Something that we don’t tell young people too often is about sex-accidents. Most sexually-active adults that I know have stories about bumped heads, bruised elbows, scars, scrapes, strains, etc from sex. Sex is a physical activity, like a sport, except we do it without protective gear over our genitals! It can hurt to have your cervix bumped by a bad angle, or to be inside someone’s vagina or anus when they sneeze. You could use a toy without a flanged base for anal play, and end up in the hospital. You can get accidentally bitten, or inhale when you meant to swallow. You can fall off the bed, or skid sideways, or strain tendonitis, or hit the headboard. It just happens sometimes, and it hurts first, and then (hopefully) is funny.

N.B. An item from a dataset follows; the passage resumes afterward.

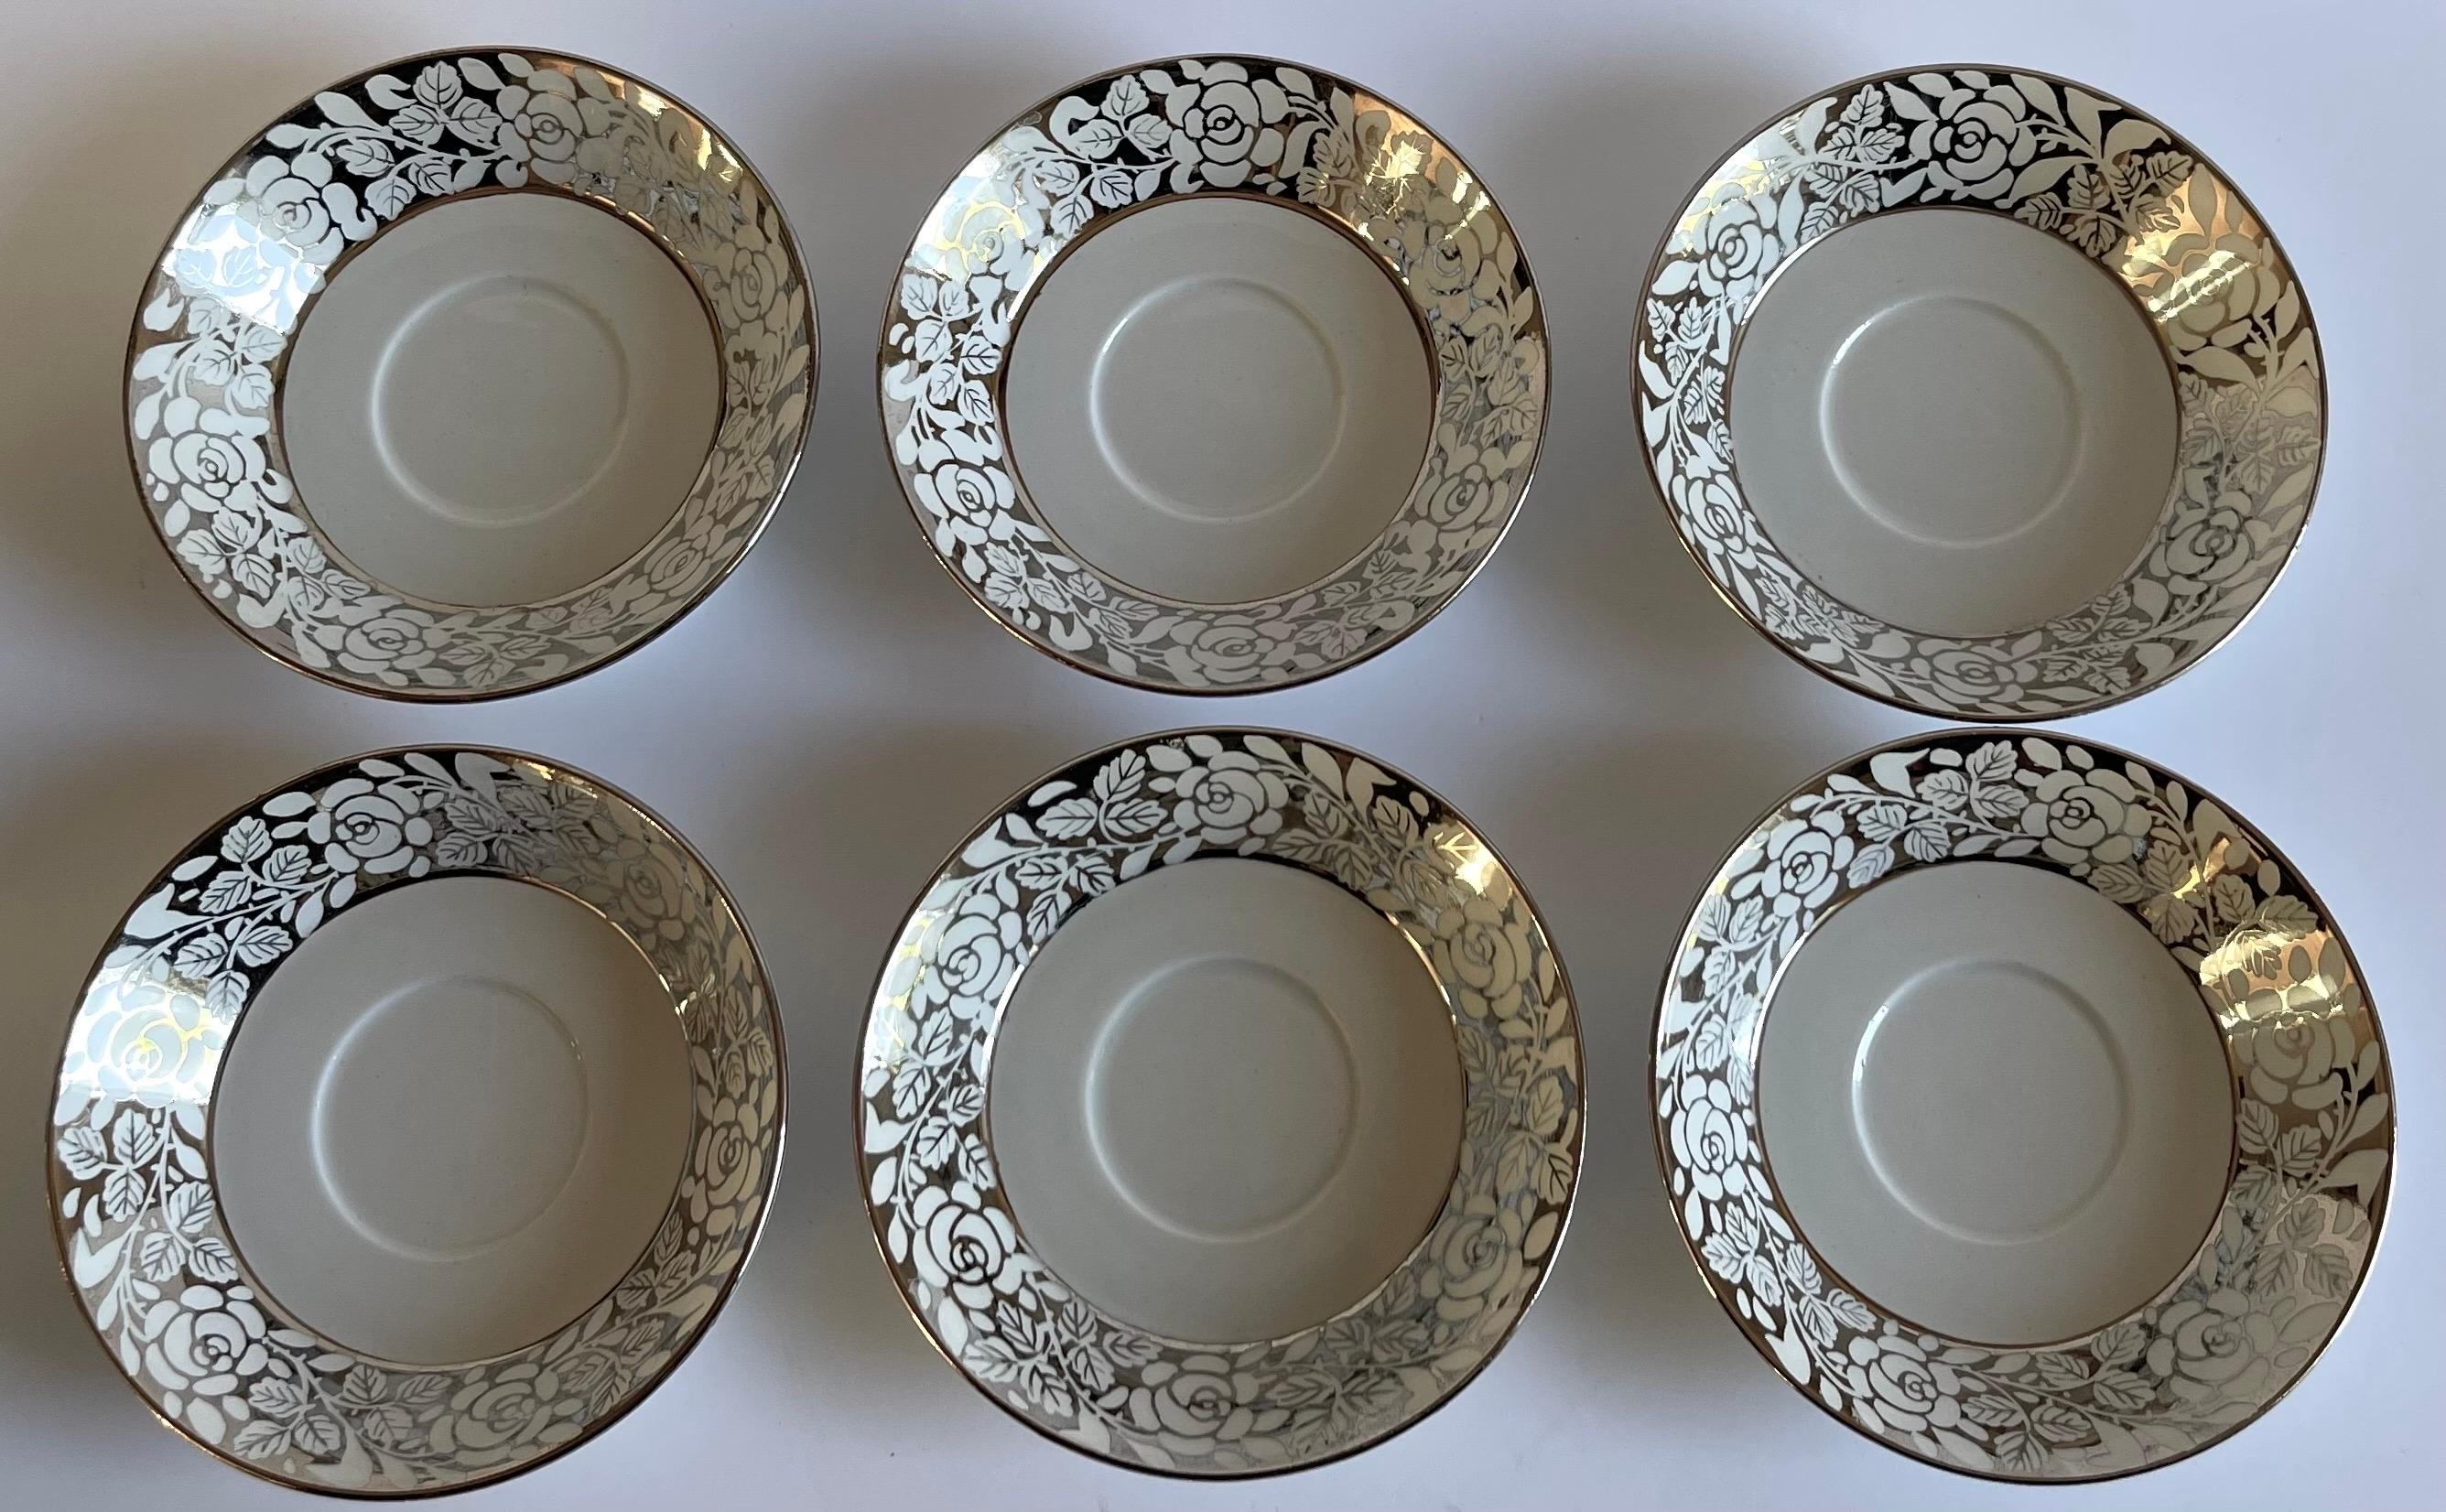 1930s Wedgwood Lustreware Tea Cups & Saucers, Set of 6 In Good Condition For Sale In Stamford, CT
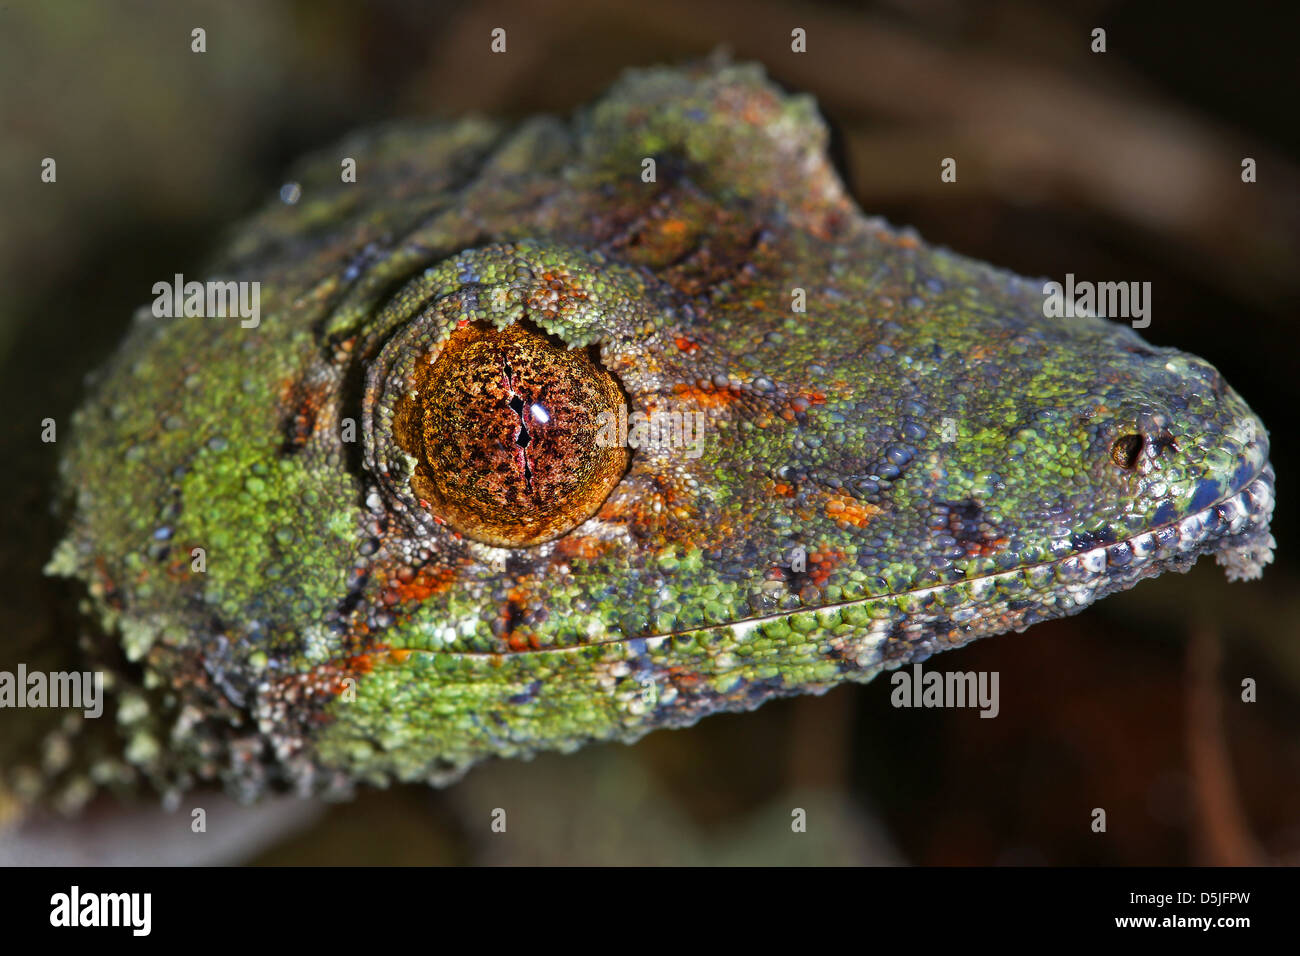 Giant Leaf-tailed Gecko (Uroplatus fimbriatus) in Ranomafana, Madagascar. Gecko perches on a branch at night to prey on insects. Stock Photo

We forget to tell our young folks that sex is ridiculous, and that all sorts of mishaps, injuries, weird noises, weird fluids, or weird sensations come part and parcel with the physical act of engaging with genitals.
I’m not here to scare anyone reading this who has never had sex before. On the contrary – I want to show you that sex isn’t mysterious or sacred or unknowable – it involves parts of your bodies that you already own and (hopefully) have had a lot of one-on-one time with, getting to know them. It involves other people that you already know and (hopefully) have a good and respectful relationship with. It can hurt sometimes, and it doesn’t mean that you didn’t have enough foreplay or that you’re using the wrong hole. It just means that you need to do a little trouble-shooting. Talk to a parent, if you can. Talk to a doctor, if possible, or a trusted peer or mentor.
And if you don’t have any of those, talk to me.